In order to get to the bottom of the executions that took place within the military at the time, and the alleged cannibalism incident between soldiers, Okuzaki guerrilla-style raids on the homes of those he suspects were involved in the executions and tries to get their testimony. Soon, shocking facts come to light one after another, and Okuzaki decides to kill his former superior officer…

☆☆☆

When I first saw this movie, I honestly thought it was scary.

First of all, this Mr. Kenzo Okuzaki's face was scary.

He has black, animal-like eyes that hardly show any emotional movement. As he says himself in the film, he was imprisoned for 10 years in 1956 for stabbing a real estate agent to death in an argument.

Is this what the eyes of a person who has killed someone look like?

Sometimes he talks about his sins with remorse, and sometimes he gets angry at the mere mention of the word "Yasukuni" and beats up the person in front of him・・・

If you think about it, without this eccentric presence of Kenzo Okuzaki, this documentary would not have been possible in the first place, but it would have taken a certain amount of determination to accept it.

Forty years after the war, all the people involved at the time were all old and living peacefully in the countryside. Suddenly, Okuzaki and his camera barge in and demand, "Tell us what you've been up to! Suddenly, Okuzaki and his camera came in and demanded, "Tell us what you've been doing!

Okuzaki said.

"If you don't talk about what you went through in that tragic war, people will eventually forget and it will happen again. If you tell the truth, you will create a world without war."

It was people as old as my own grandfather who were yelling at me and making me feel small. That's enough. Even my own grandmother never talked about the war. Everyone had been through too much pain and wanted to forget about it as soon as possible. And then a complete stranger comes in and rubs salt in the wound. To tell the truth, I was annoyed.

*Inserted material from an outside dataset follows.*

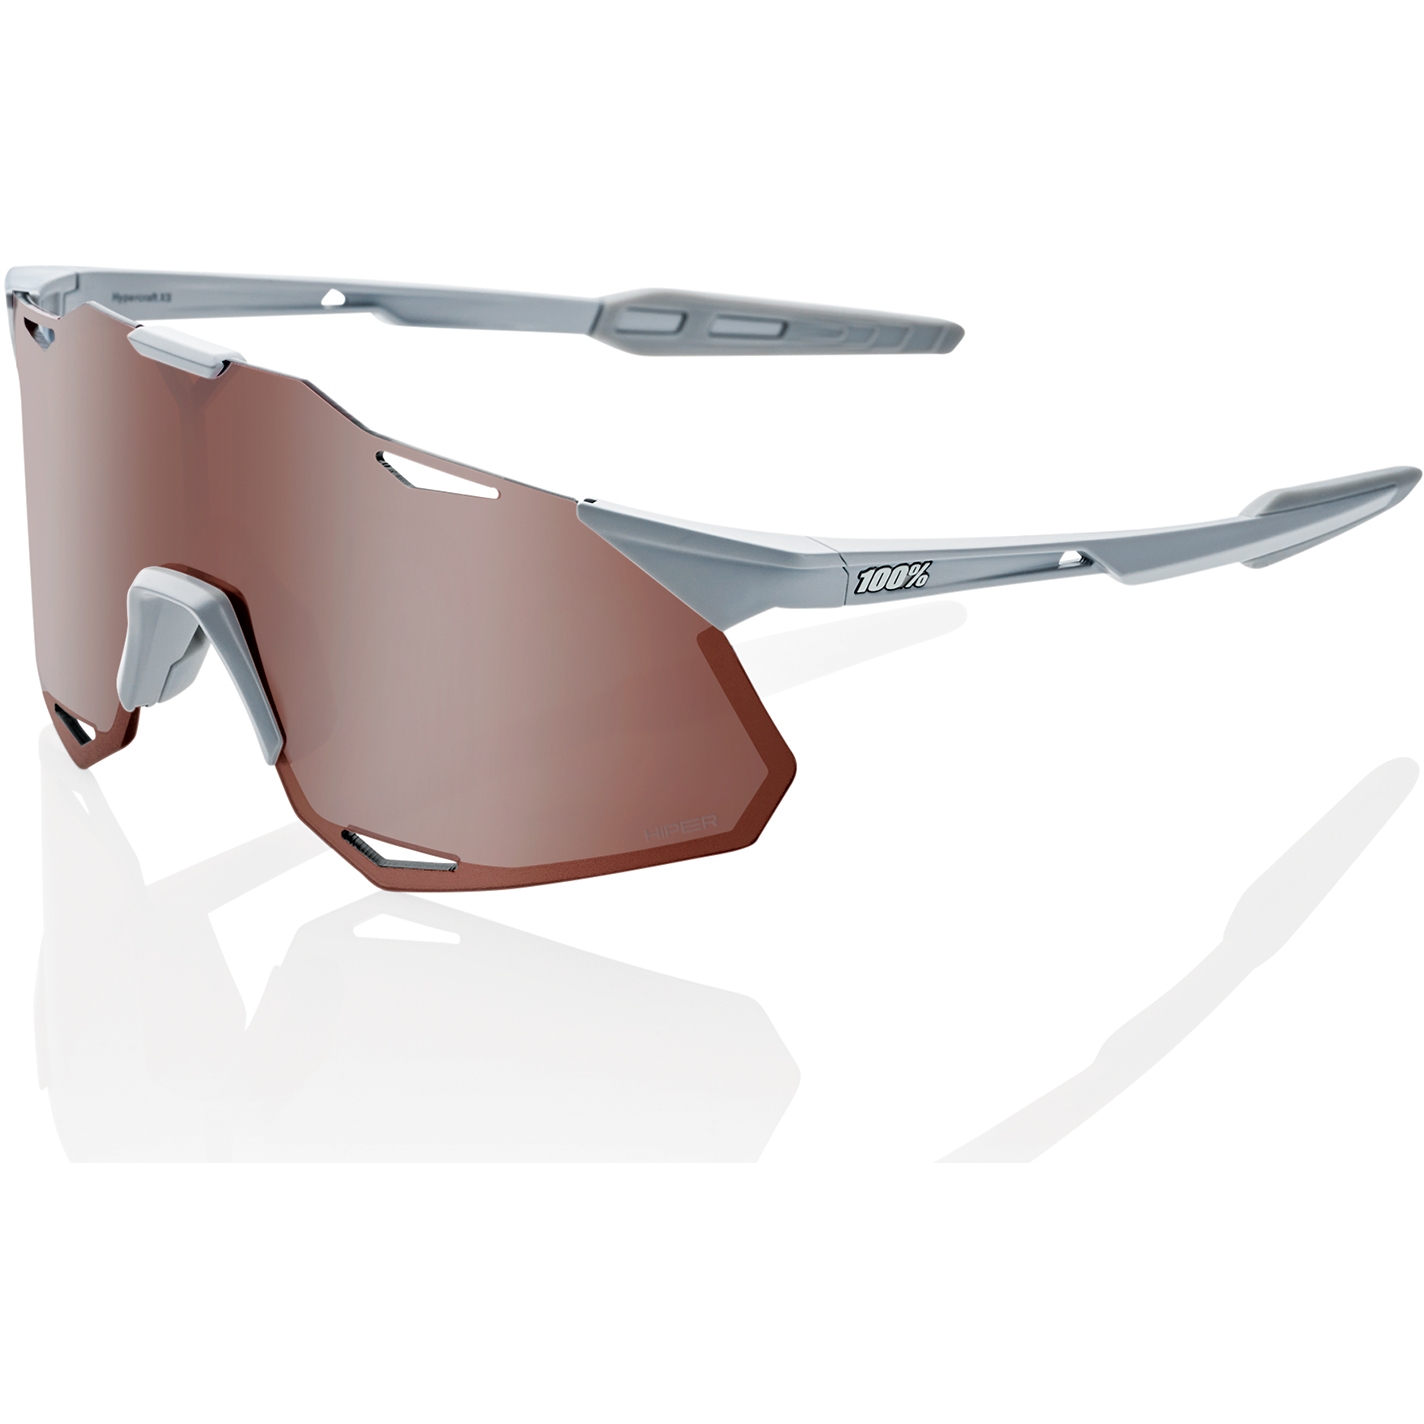 Picture of 100% Hypercraft XS Glasses - HiPER Mirror Lens - Matte Stone Grey / Crimson Silver + Clear

But in the end, what Okuzaki had said was true.

Somewhere along the line, people forgot about it. It's like muddy water that has settled over the years, and now it's there, clear as if nothing happened. But it's rotten water. If you throw a stone into it, it will instantly become muddy water again.

This past August, the film was being shown in revival across the country, and I think now is the time to see it.